His solution is elegant and beautiful, and as I saw when I ran his code, it works. But there are some major caveats. First, while he states up front that his system is both tiny and not significantly tuned, after about 30,000 games played over the course of 2 days against a rule-based AI, it was still only winning 40% of the points it played.

Also, his output is comically simple: one output node corresponding to the policy for whether to move the paddle up or down. There’s not even any way to just leave the paddle where it is (and thus, his AI looks like it drank too much coffee). Checkers has much more complicated output. It has the possible (legal and illegal) moves of a varying number of player pieces. Coming up with an effective loss function and gradient will require a good deal more thought.

But he does one thing with his output (simple as it is) that I confess, I might not have considered had I not read the article. Having only done straight-up classifiers to date, what I’ve always done  is take the the output which can range from 0 to 1 and if the value is >0.5, classify as 1 and if ≤0.5, classify as 0. However, even in a classifier, we understand that decimal value to represent a probability that the output is a given class. In his algorithm, he takes that to its logical conclusion. Rather than toggle to either a 1 or zero, he truly implements the probabilistic model.

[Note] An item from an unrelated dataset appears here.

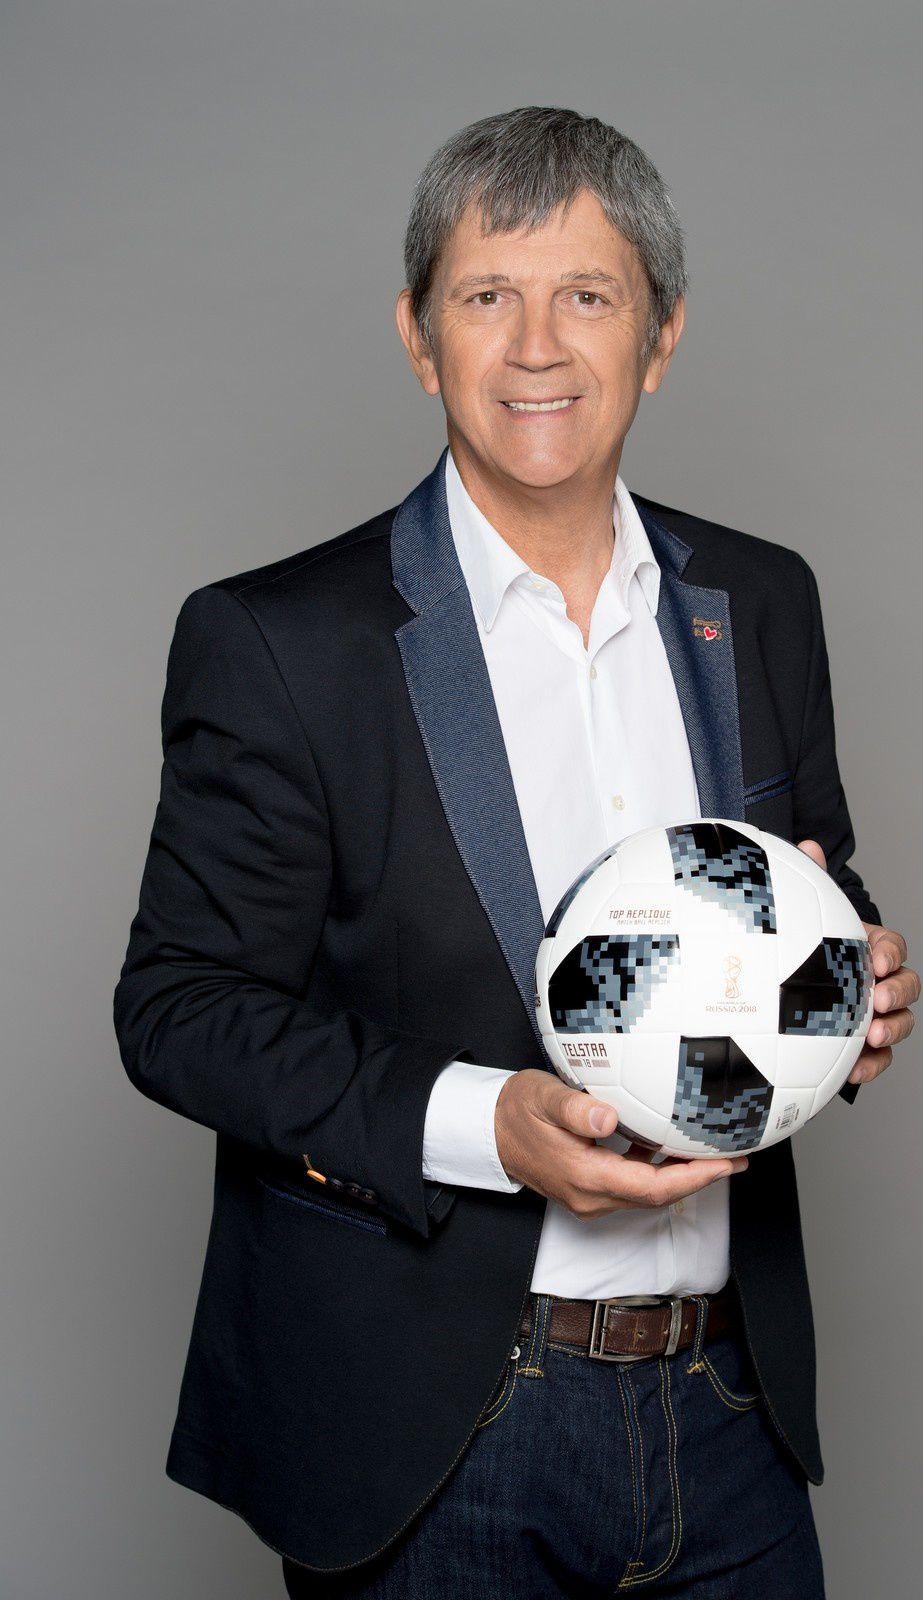 Liste des Bleus sélectionnés annoncée par Deschamps : émission spéciale avec Patrick Chêne.

That is, if the output is, say, 0.75, he generates a random number between 0 and 1. If that number is ≤ 0.75, he returns a 1, and otherwise returns a 0.  This has the effect of reproducing the the probability represented in the output. But more importantly, in a training situation it also allows the AI to explore the domain by making moves that are not always the highest probability for a positive outcome. I will definitely be employing some more-involved version of this in the model I build.